Thomas Jefferson Papers

To Thomas Jefferson from “A Democrat”, 30 March 1803

From “A Democrat”

Northampton County ES. Va.
30th. March 1803.

Mr President,

It is with great respect I offer to your patronage the following lines; In doing this I recognize the right you have to every tribute that a nation can pay to Patriotic virtue. You took your position at a very critical period and while your exertions had baffled the hopes of all foreign invaders, you were not inattentive to the domestic right of your Country. The spirit excited in you have communicated to all parties and professions within our teritories and you have effectually seconded an enlightened Legislature in restoreing your Fellow Citizens to Civil, religious, and commercial liberty; so quick a change from a languishing hectic state to a robust Constitution, has perhaps no parallel and it is the more completely happy as it was brought about without any recourse to the severe remedy administered in the cure of our former distempers. Instructed by experience and illumed by philosophy, you have discovered that for our political salvation, our creed of civil faith is sufficient, and that a deviation from that and that alone is the proper object of political penalties and civil excommunications. This wisdom which has drawn on you the attention of all Europe, forms an Epocha in History. Under a Legislature of Patriots our constitution collecting fresh vigour from the recent renewal of old privaliges must bring forward all the advantages derived from our Soil, and Climate as well as from our happy situation. Under your Guardianship that Constitution cannot be annoyed by extraneous power; nor undermined by domestic treachery and in such a train of things our prosperity will bring additional security to that of her sister Country with which we are connected by the strongest ties in our station and joyn in the gratitude due you from your countrymen of every description. Thus should I continue were not the limits of a letter which are consecrated to the expressions of friendship too circumscribed.
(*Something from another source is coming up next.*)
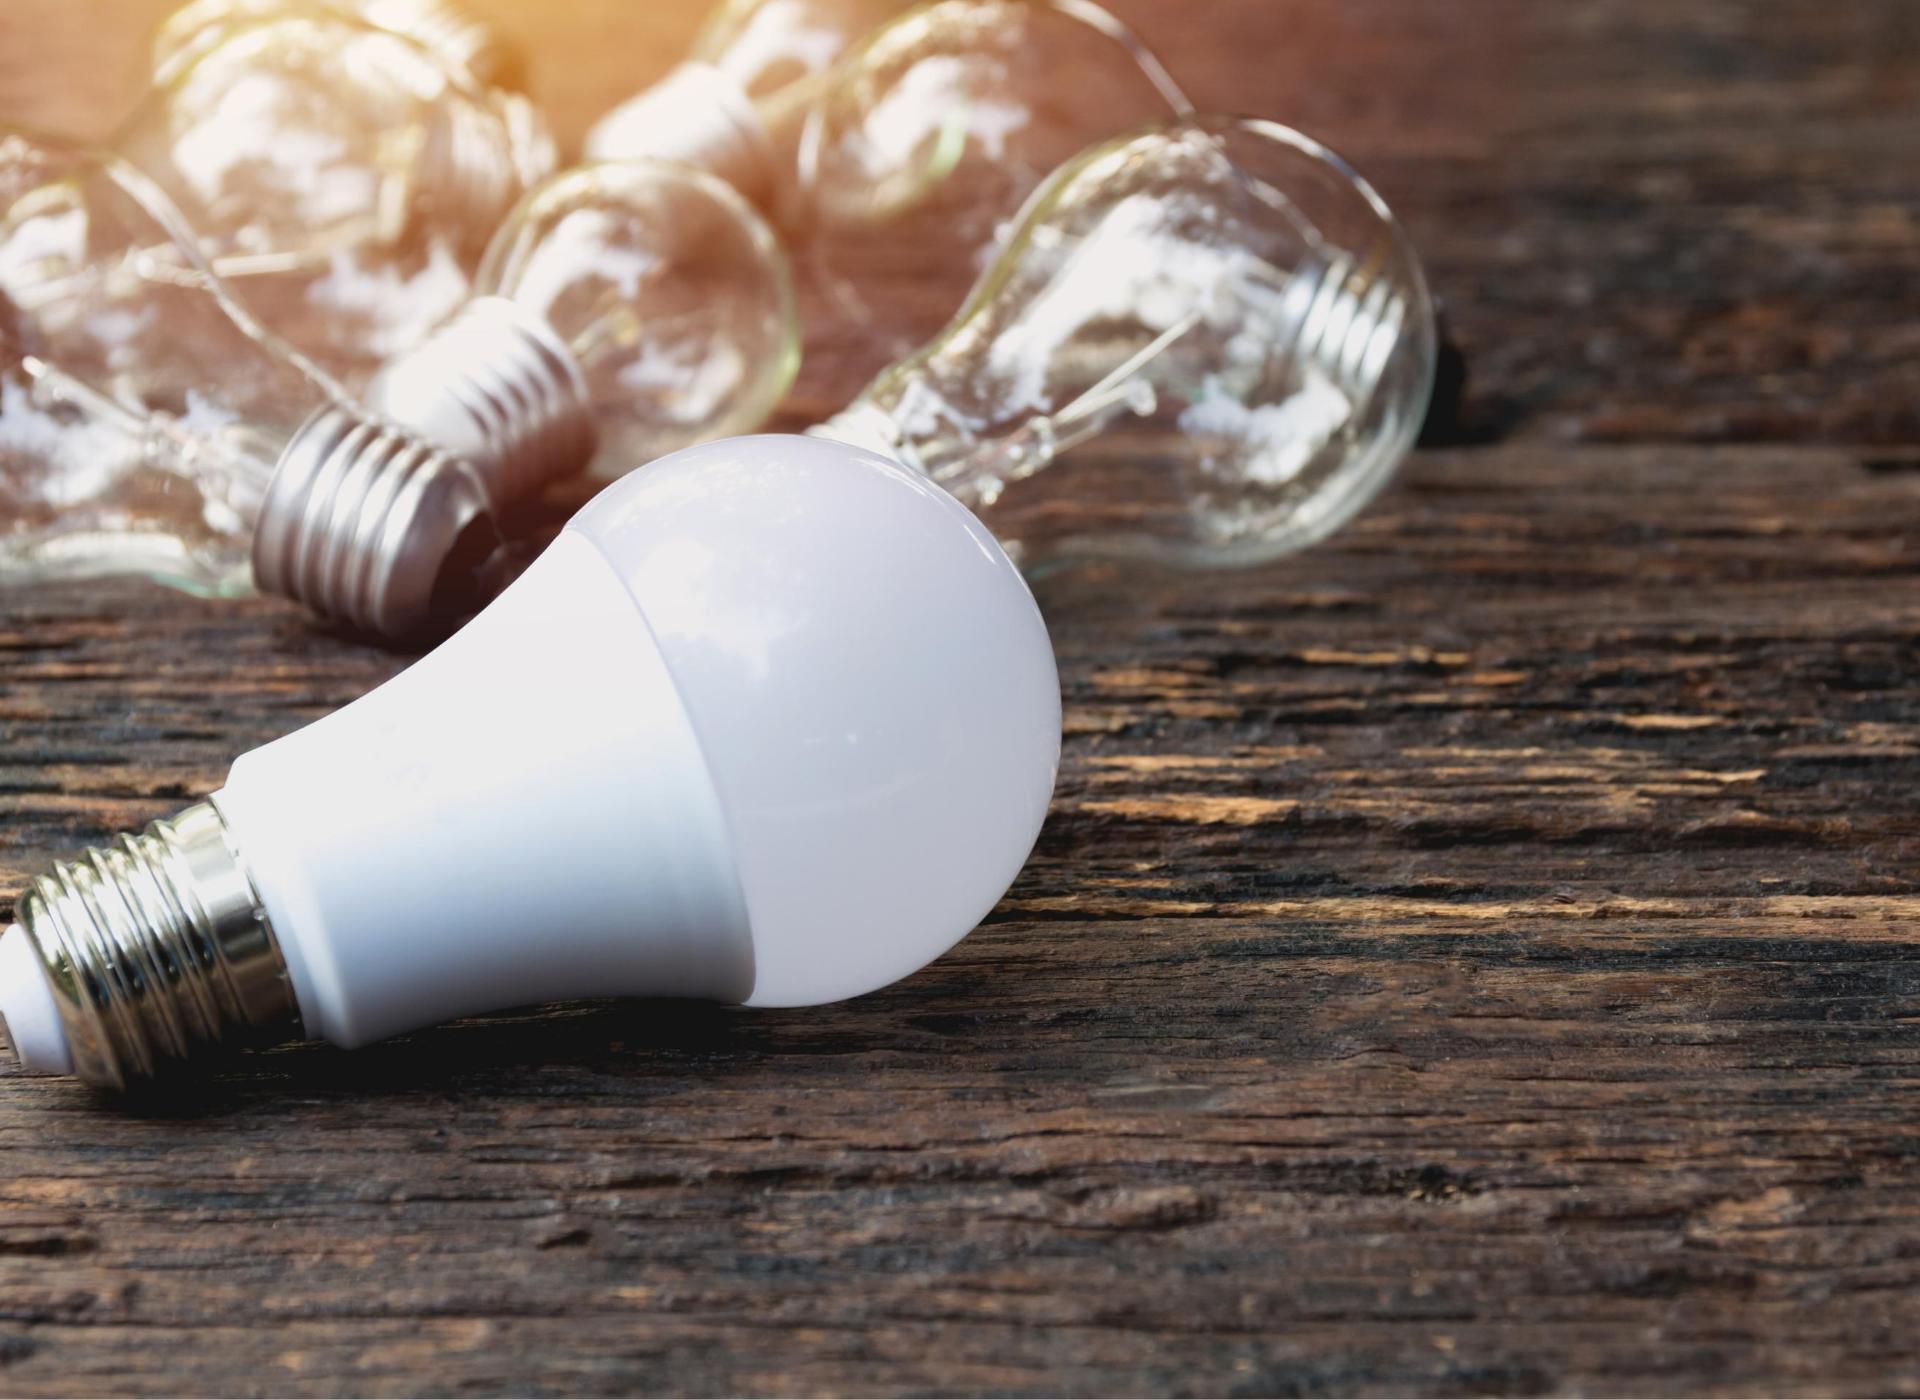 HAC energy services

It is with a real though a very melancholly pleasure that I have had the presumption to give you some account of the behaviour of those nefarious and malicious Calumniators of the republican faction, the Federalists. You will recollect that Mr Bassett has lately been on this peninsula; there was an unlucky [in]stance took place relative to his vote in adding the two [counties?] to this district. Mr. Bt. did not recollect how he voted and consequently made a mistake. the Zealots you may well suppose would be glad even to invent much less to propogate any story to his disadvantage but in my humble oppinion they could not find any that I thought would wear the face of probability. I cannot say there is no vanity in making this assertion but I hope it is not a misplaced one; and this is a matter of fact which is easily cleared and ascertained. If my assertions were not founded on the basis of integrity why do they utter forth from their slanderous mouths those malicious falsehoods that are now circulating about Bassett, and I may with verity add of all the republican faction. Nothing gives them more satisfaction than to have the least iota of reason to censure you and your partizans; as a corroborating circumstance to this assertion I’ll give you an instance. They have been exclaiming against the sending Monroe with 2000000$s to purchase the Navigation of the Missisippi instead of using more spirited means. However flattering those assertions may appear I must nevertheless affirm them to be the sincere effusions of my intellectual faculties.

Let me mention before I conclude that were it possible I would have you arrest and develope that nefarious and mortal administration of the former whilst you would aid and urge forward that of the other I would call on United America to detect and abandon the fraud of the former and invite their unanimity to a cordial participation in the virtues of the other. Nothing more

I am respectfully your frend and fellow Citizen

a Democrat

RC (DLC); torn; addressed: “Thomas Jefferson esqr. President of the United States”; postmarked Northampton Courthouse, 5 Apr.; endorsed by TJ as received from “Anon.” on 12 Apr. and “Eastern shore election” and so recorded in SJL.

Burwell bassett ran unsuccessfully to represent the district that included the eastern shore counties of Northampton and Accomack in the Eighth Congress. As a state senator the previous year, Bassett brought to the floor the bill that established Virginia’s districts but voted against an unsuccessful amendment that would have placed the two counties in separate districts. In the 1790s, Northampton and Accomack had comprised a single district (Acts Passed at a General Assembly of the Commonwealth of Virginia. Begun and Held at the Capitol, in the City of Richmond, on Monday, the Seventeenth Day of October, One Thousand Seven Hundred and Ninety One [Richmond, 1791], 7; Acts Passed at a General Assembly of the Commonwealth of Virginia: Begun and Held at the Capitol, in the City of Richmond, on Monday, the Seventh Day of December, One Thousand Eight Hundred and One [Richmond, 1802], 17; Journal of the Senate of the Commonwealth of Virginia. Begun and Held at the Capitol in the City of Richmond, on Monday the Seventh Day of December, One Thousand Eight Hundred and One [Richmond, 1802], 70–1, 73; Dubin, Congressional Elections description begins Michael J. Dubin, United States Congressional Elections, 1788–1997: The Official Results of the Elections of the 1st through 105th Congresses , Jefferson, N.C., 1998 description ends , 28; TJ to Gideon Granger, 8 May 1803).